Beautiful Code

This bit of code for converting numbers into their Roman numeral equivalents was posted by geezusfreeek on reddit, and I found it so alarmingly pretty that I'm going to spend some time to break it down. This exercise is largely for my own edification, but perhaps somebody else will learn a bit along the way. Here's the code:

import List
import Control.Arrow

romanize = concat . unfoldr next
    where next 0 = Nothing
          next x = Just $ second (x-) $ head $ filter ((<=x) . snd) numerals
          numerals = [("M", 1000), ("CM", 900), ("D", 500), ("CD", 400),
                      ("C", 100),  ("XC", 90),  ("L", 50),  ("XL", 40),
                      ("X", 10),   ("IX", 9),   ("V", 5),   ("IV", 4),
                      ("I", 1)]

Starting from the inside out is usually the easiest method of understanding blocks like this, so we'll look first at the "numerals" list. It is, simply, a list of tuples matching Roman numerals to their value. Importantly, it's ordered from largest to smallest; we'll see why shortly.

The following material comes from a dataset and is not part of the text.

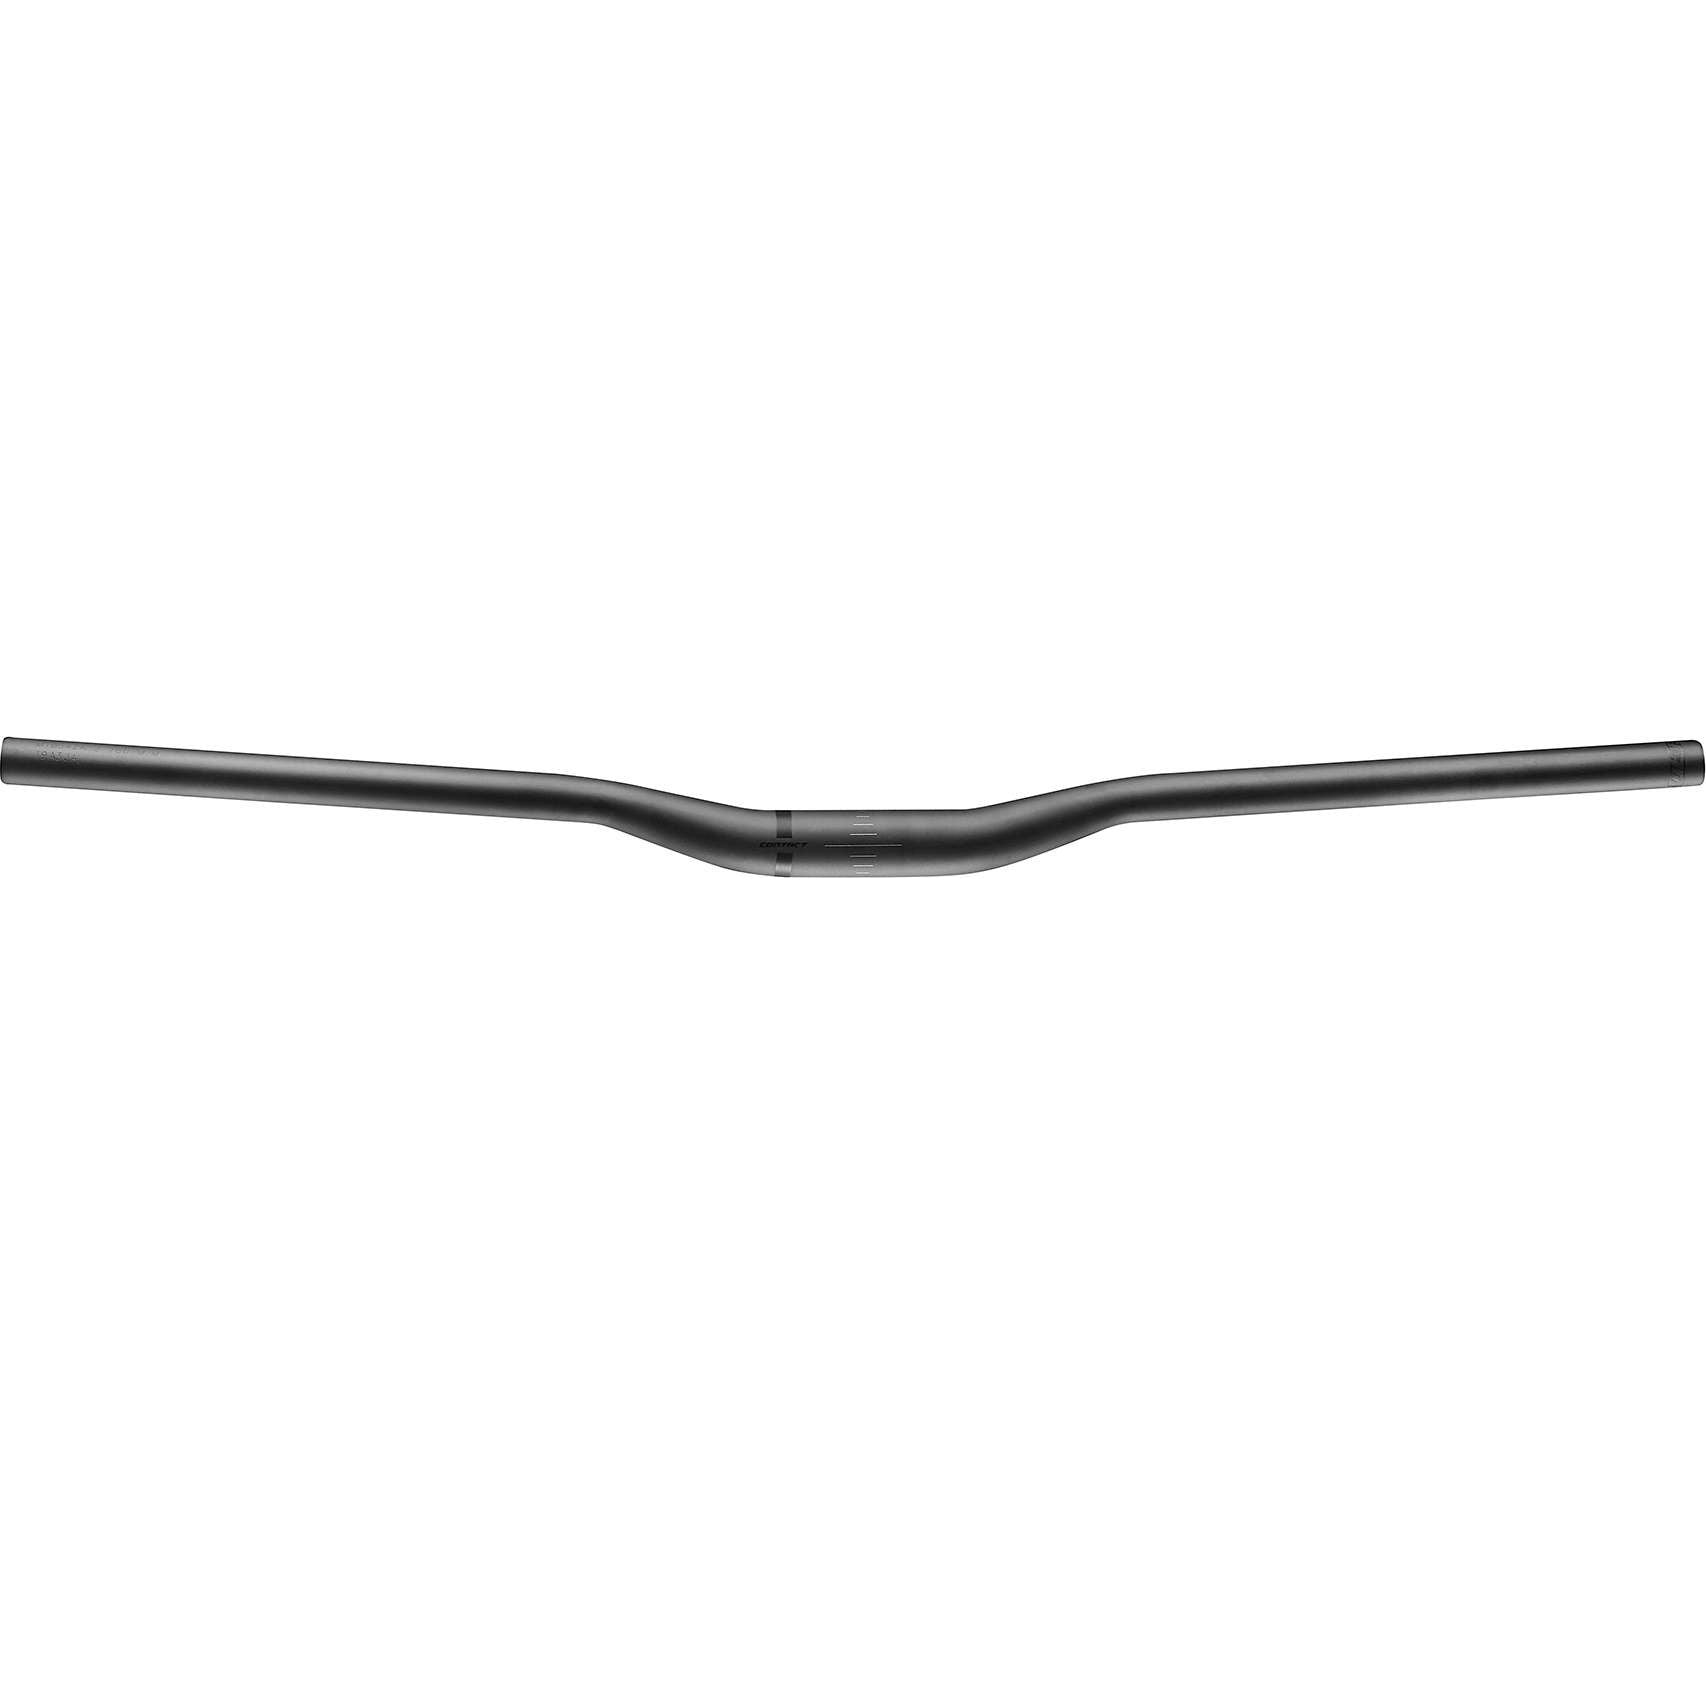 Giant Handlebars Contact Trail Riser bar black 780mm wide, 31.8 clamp, 20mm rise, 7 degree back, 5 degree up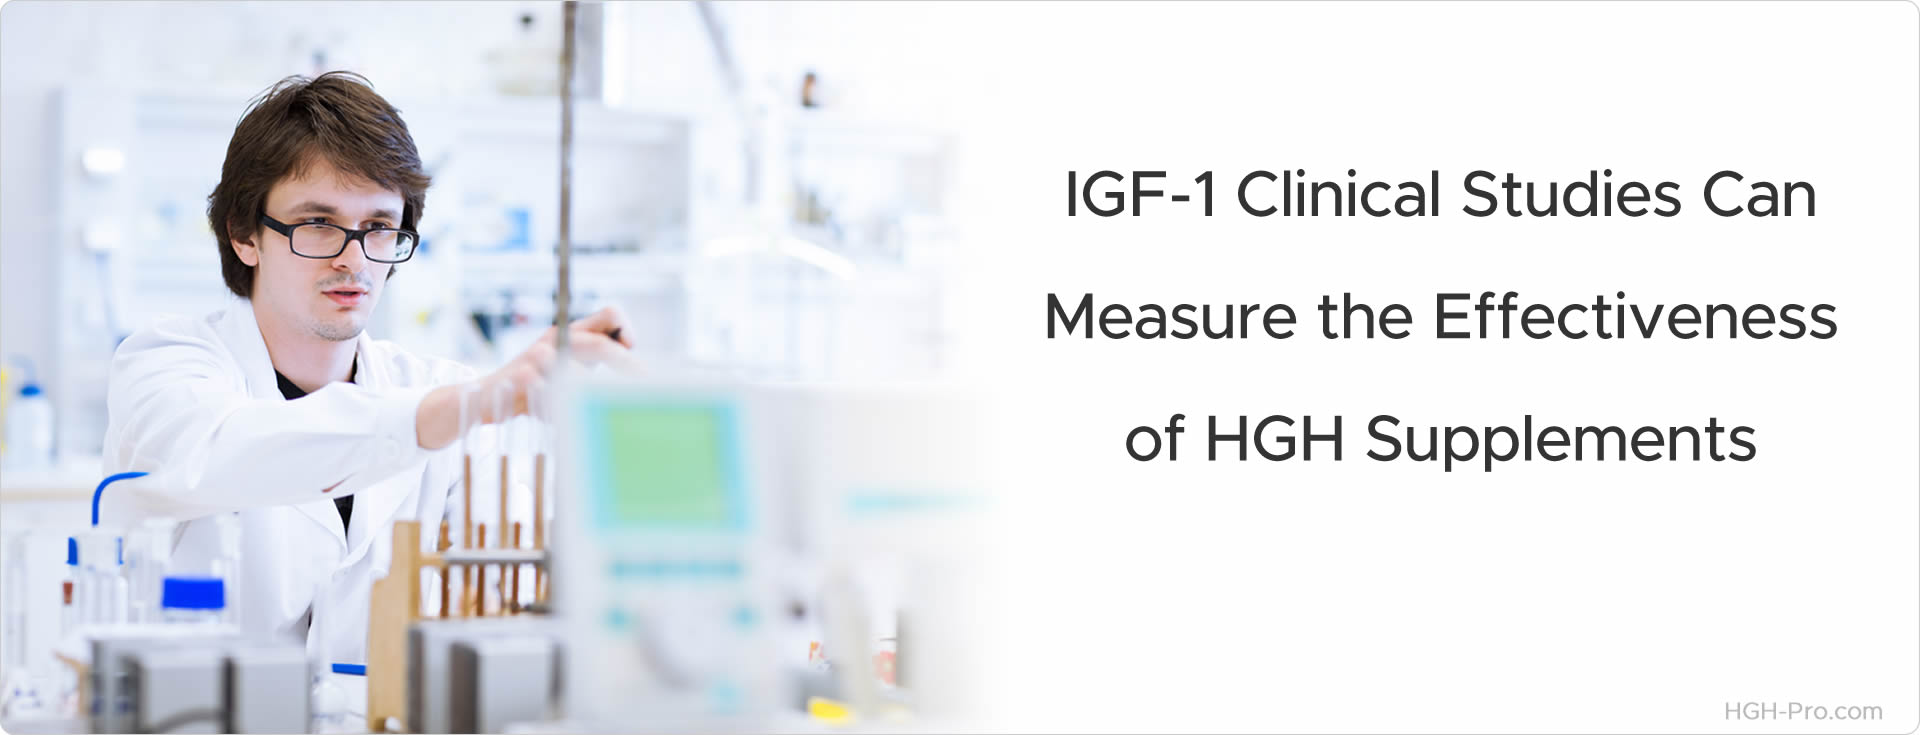 How to measure the effectiveness of HGH supplements

The meat of this snippet comes in the "next" function:

next 0 = Nothing
next x = Just $ second (x-) $ head $ filter ((<=x) . snd) numerals

This function is going to return either Nothing (in the base case) or Just a tuple of type (String, Integer), where the string is the largest roman numeral that's smaller than x and the int is the difference between x and the value of that roman numeral.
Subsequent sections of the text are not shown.